Einen solchen klaren Ausblick und eine eindeutige Entscheidung für Transparenz und Wahrheit würde man sich auch für den heutige Wahltag in Amerika wünschen.

Das wird wohl ein frommer Wunsch bleiben und das Chaos und die Verlogenheit wird nach der Wahl nicht weniger sein als vor der Wahl.

Die höchsten Ämter dieser Welt sind von dunklen Wolken umgeben, weil es um sehr viel Einflussnahme auf unser aller Wohl und Wehe geht.
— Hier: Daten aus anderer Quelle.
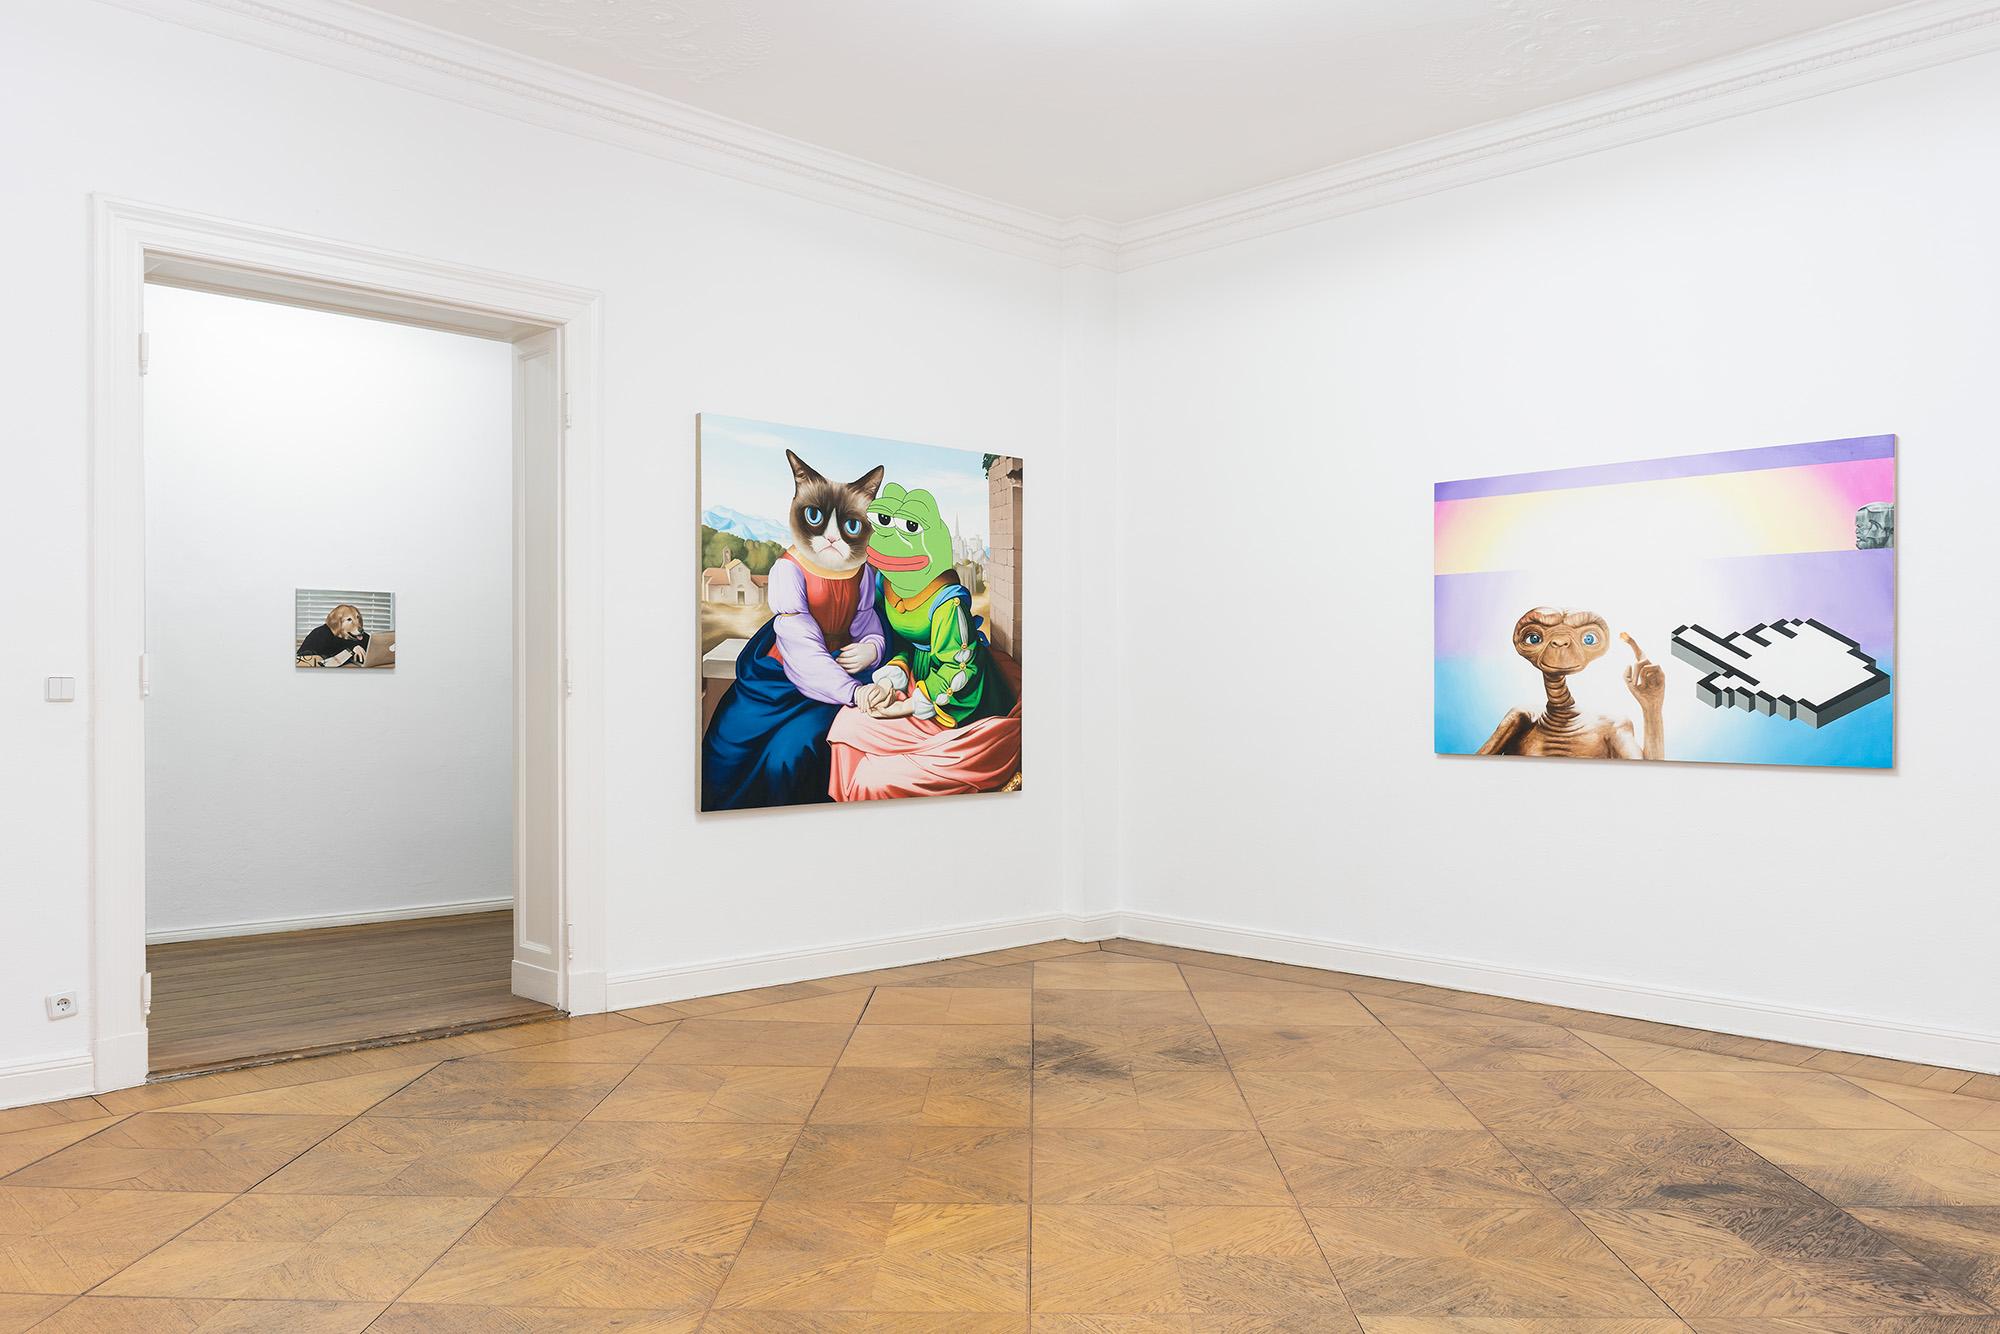 Götz Schramm, copy and paste, Photo: Sascha Herrmann

Und da haben auch geistige Wesen ihre Hand im Spiel, die nicht mit Anzug und Krawatte herumlaufen, sondern unsichtbar hinter den Kulissen agieren und manipulieren.
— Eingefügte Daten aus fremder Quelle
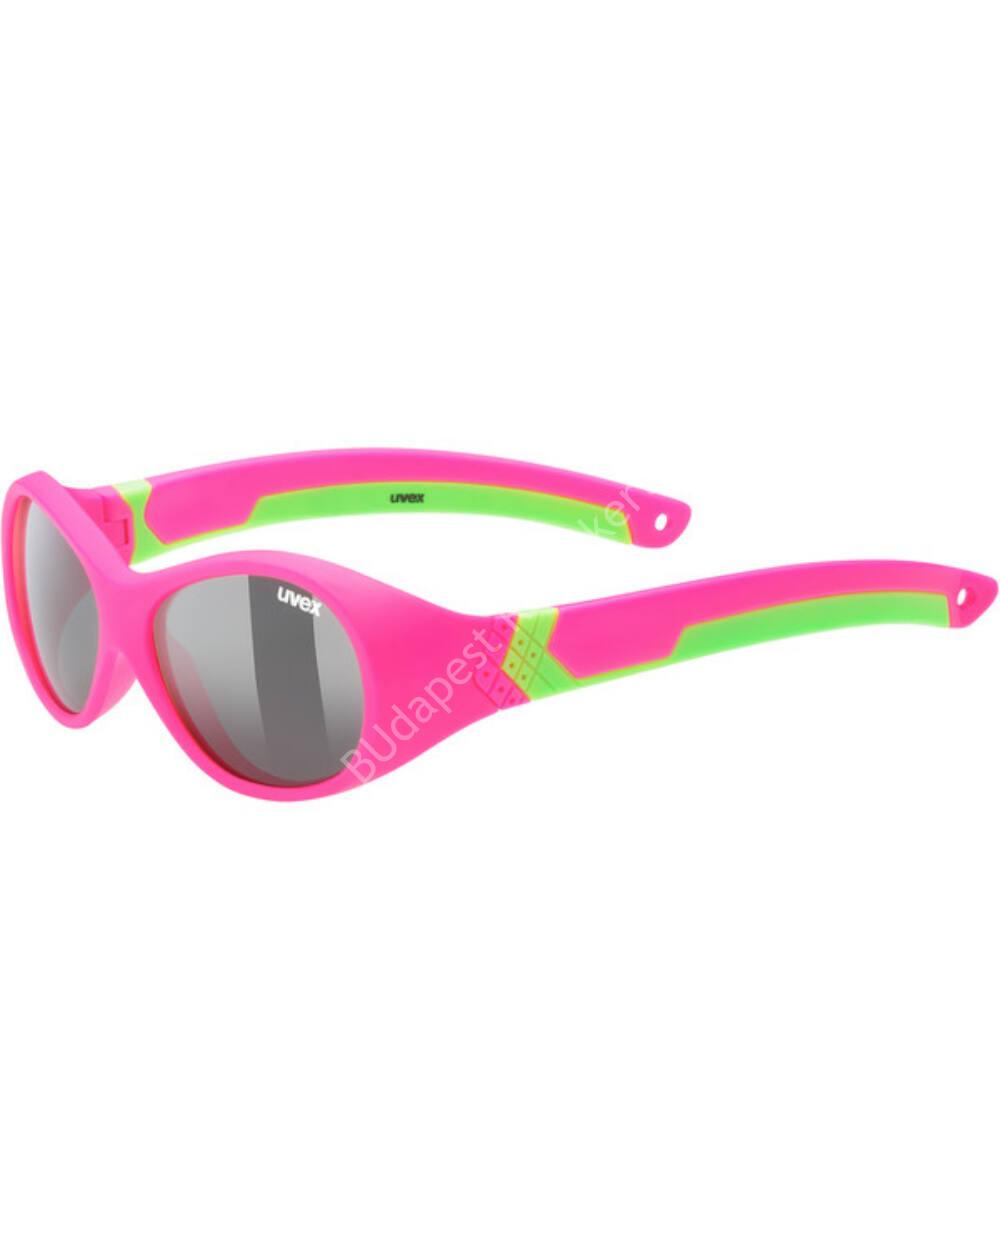 Uvex sportstyle 510 UV-védős sportszemüveg 1-3 éves, pink

Umso mehr liegt es an jedem einzelnen Bürger, seine eigene Wahl jeden Tag aufs Neue zu treffen, sich für ein eindeutiges, wahrhaftiges und klares Verhältnis zum Himmel zu entscheiden, damit sein Blick in die Zukunft nicht wolkenverhangen, sondern sonnenklar in die Weite schweifen kann.

Diese Wahlfreiheit hat ein jeder und kann sie von sich selbst einfordern, damit zumindest der eigene Weg ganz klar vor Augen liegt.

Was die Mächtigen dieser Welt mit ihrer Macht anstellen, wird umso bedeutungsloser, je mehr die von ihnen regierten Bürger ihr Schicksal selbst in die Hand nehmen, aus dem eigenständig errungenen Weitblick heraus.

Alles Heilige?

An Allerheiligen gedenken wir meistens der Heiligen vergangener Tage, wie auf dem Bild der Heilige Vicente aus Portugal.

Sieht so ein Heiliger aus oder welches Bild machen wir uns von einem Heiligen?

Oft haben sie gegen große Widerstände gekämpft, hatten mehr Gegner als Freunde und ernteten überwiegend Unverständnis bis hin zum Märtyertod.

Heute würden wir sie wahrscheinlich „Verschwörungstheoretiker“ nennen und eine Minderheit folgt ihnen begeistert und die Mehrheit hält sie für Lügner und Aufwiegler.

Interessant ist, wie mit dem Fortschreiten der Zeit gerade diese Stimmen weiterhallen, schließlich anerkannt werden und zu Leuchttürmen der Zukunft werden.

Wobei das mit Sicherheit nicht jedem heutigen Verschwörungstheoretiker beschieden sein wird, sondern nur jenen, die tatsächlich einem Wahrheitskern auf der Spur waren und ihn unbeirrt verfolgt haben.

Immerhin lernen wir daraus, nicht alles mit Bausch und Bogen zu verurteilen, was erst einmal unwahrscheinlich klingt, sondern in Erwägung zu ziehen, dass sich die Einsichten im Laufe der Zeit sehr verändern können.

Von daher lohnt es sich, an Allerheiligen einmal Ausschau zu halten, wo uns in der Gegenwart der/die eine oder andere zukünftige Heilige etwas ans Herz legen möchte, was im Moment niemand wahrhaben will.